Глава 2
——————————————————————————————
ИЛИ РАСТЛЕНИЕ?
Но меня останавливают:
вы не о том совсем! Вы опять сбились на тюрьму! А надо говорить — о лагере.
Да я, кажется, и о
лагере говорил. Ну хорошо, умолкну. Дам место встречным мыслям. Многие лагерники
мне возразят и скажут, что никакого «восхождения» они не заметили, чушь, а
растление — на каждом шагу.
Настойчивее и
значительнее других (потому что у него это уже всё написано) возразит Шаламов:
«В лагерной обстановке
люди никогда не остаются людьми, лагеря не для этого созданы».
«Все человеческие
чувства — любовь, дружба, зависть, человеколюбие, милосердие, жажда славы,
честность — ушли от нас с мясом мускулов... У нас не было гордости, самолюбия,
а ревность и страсть казались марсианскими понятиями... Осталась только злоба —
самое долговечное человеческое чувство».
«Мы поняли, что правда
и ложь — родные сёстры».
«Дружба не зарождается
ни в нужде, ни в беде. Если дружба между людьми возникает — значит, условия
недостаточно трудны. Если беда и нужда сплотили — значит, они не крайние. Горе
недостаточно остро и глубоко, если можно разделить его с друзьями».
Только на одно
различение здесь согласится Шаламов: восхождение, углубление, развитие людей
возможно в тюрьме. А
«...лагерь —
отрицательная школа жизни целиком и полностью. Ничего нужного, полезного ни кто
оттуда не вынесет.
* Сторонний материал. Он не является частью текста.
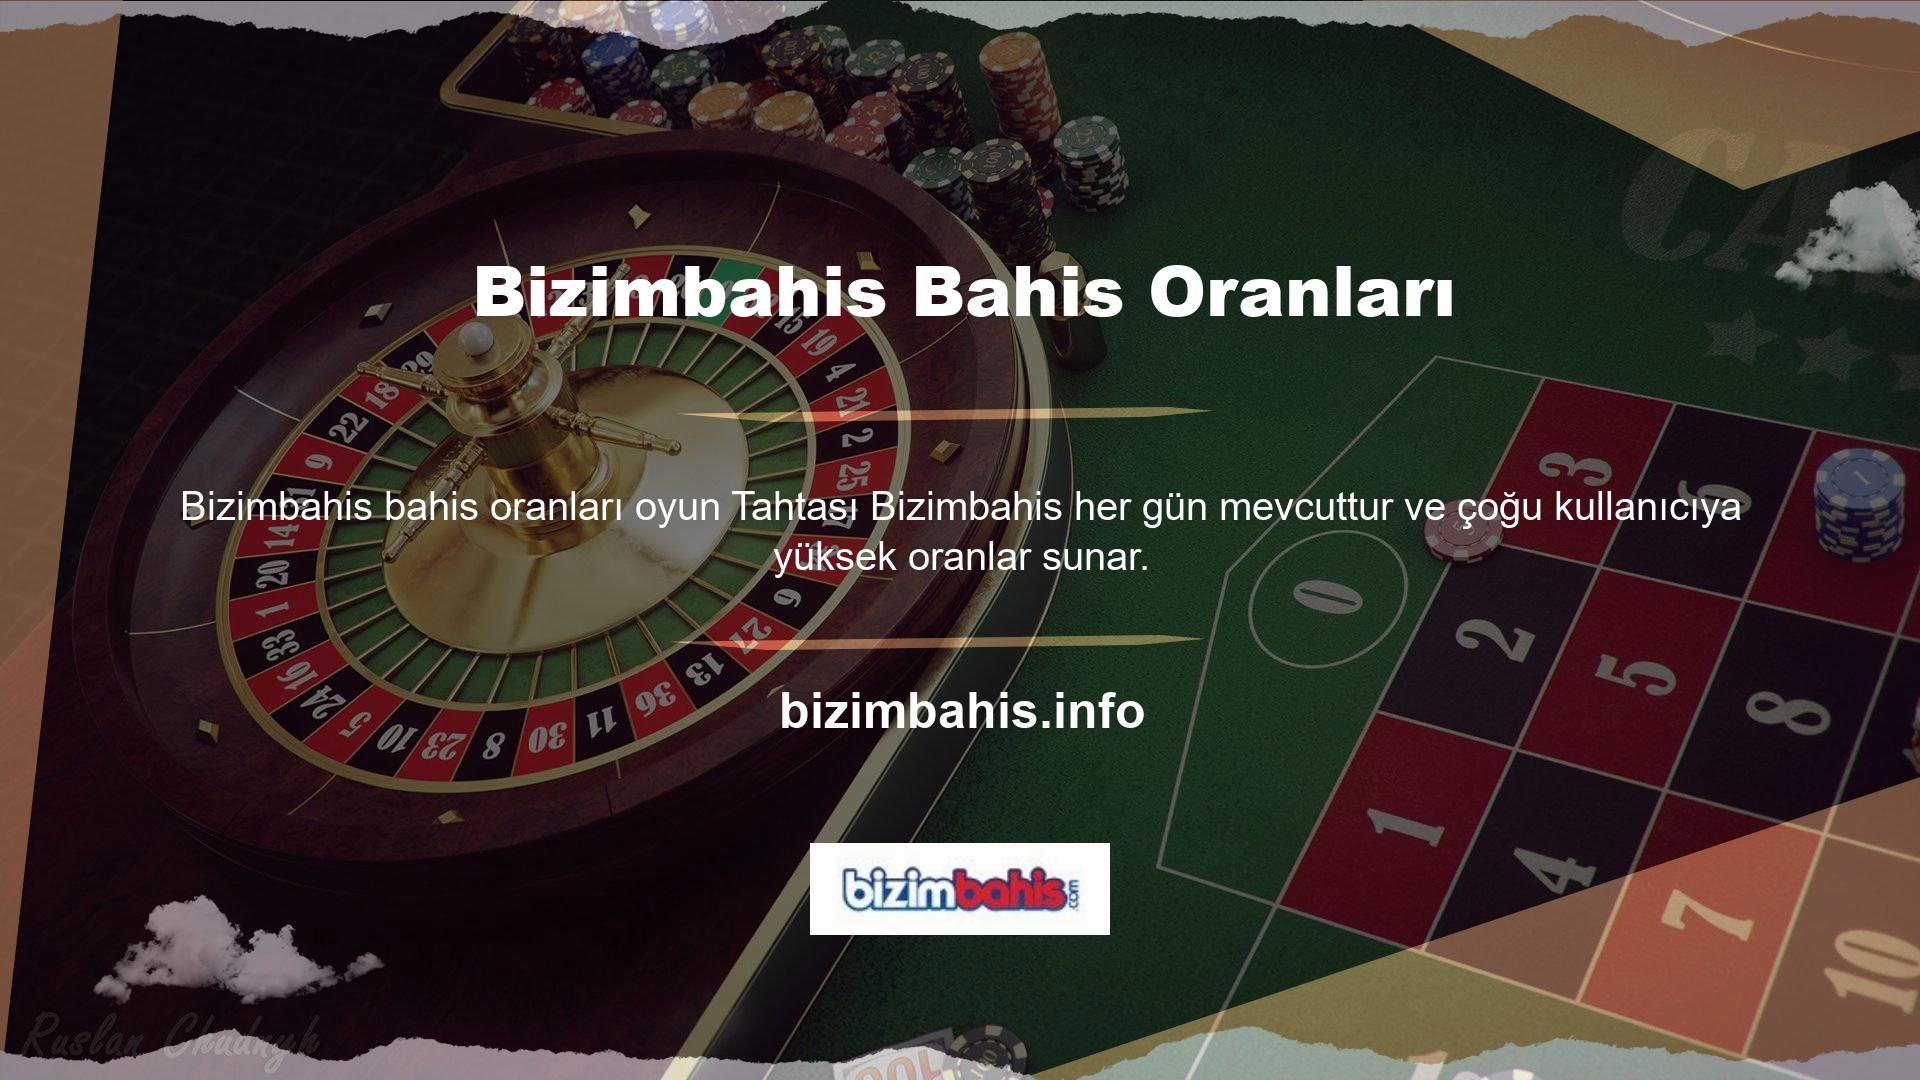 Oranlara gelince, Türk Bizimbahis web sitesinde çok iyi oranlara kolayca ulaşabilirsiniz

Заключённый обучается там лести, лганью, мелким и большим
подлостям... Возвращаясь домой, он видит, что не только не вырос за время
лагеря, но интересы его стали бедными, грубыми».
Ещё считает Шаламов
признаком угнетения и растления человека в лагере то, что он «долгие годы живёт
чужой волей, чужим умом». Но, во-первых, то же самое можно сказать и о многих
вольных (не считая простора для деятельности в мелочах, которая есть и у
заключённых); во-вторых же, вынужденно-фаталистический характер, вырабатываемый
в туземце Архипелага его незнанием судьбы и неспособностью влиять на неё,
скорее облагораживает его, освобождает от суетных метаний.
С различением таким
согласна и Е. Гинзбург: «тюрьма возвышала людей, лагерь растлевал».
Да и как же тут
возразить?
В тюрьме (в одиночке,
да и не в одиночке) человек поставлен в противостояние со своим горем. Это горе
— гора, но он должен вместить его в себя, освоиться с ним и переработать его в
себе, а себя в нём. Это — высшая моральная работа, это всех и всегда возвышало[1]. Поединок с годами и
стенами — моральная работа и путь к возвышению (коли ты его одолеешь). Если
годы эти ты разделяешь с товарищем, то не надо тебе умереть для его жизни, и
ему не надо умереть, чтобы ты выжил. Есть путь у вас вступить не в борьбу, а в
поддержку и обогащение.
А в лагере этого пути,
кажется, у вас и нет. Хлеб не роздан равномерно кусочками, а брошен в свалку —
хватай! сбивай соседей и рви у них! Хлеба выдано столько, чтоб на каждого
выжившего приходился умерший или двое. Хлеб подвешен на сосне — свали её. Хлеб
заложен в шахте — полезай да добудь. Думать ли тебе о своём горе, о прошлом и
будущем, о человечестве и о Боге? Твоя голова занята суетными расчётами, сейчас
заслоняющими тебе небо, завтра — уже не стóящими ничего. Ты ненавидишь труд —
он твой главный враг. Ты ненавидишь окружающих — твоих соперников по жизни и
смерти[2]. Ты исходишь от напряжённой
зависти и тревоги, что где-то сейчас за спиною делят тот хлеб, что мог
достаться тебе, где-то за стеною вылавливают из котла ту картофелину, которая
могла попасть в твою миску.
Лагерная жизнь
устроена так, что зависть со всех сторон клюёт душу, даже и самую защищённую от
неё. Зависть распространяется и на сроки, и на самую свободу. Вот в 45-м году
мы, Пятьдесят Восьмая, провожаем за ворота бытовиков (по сталинской амнистии).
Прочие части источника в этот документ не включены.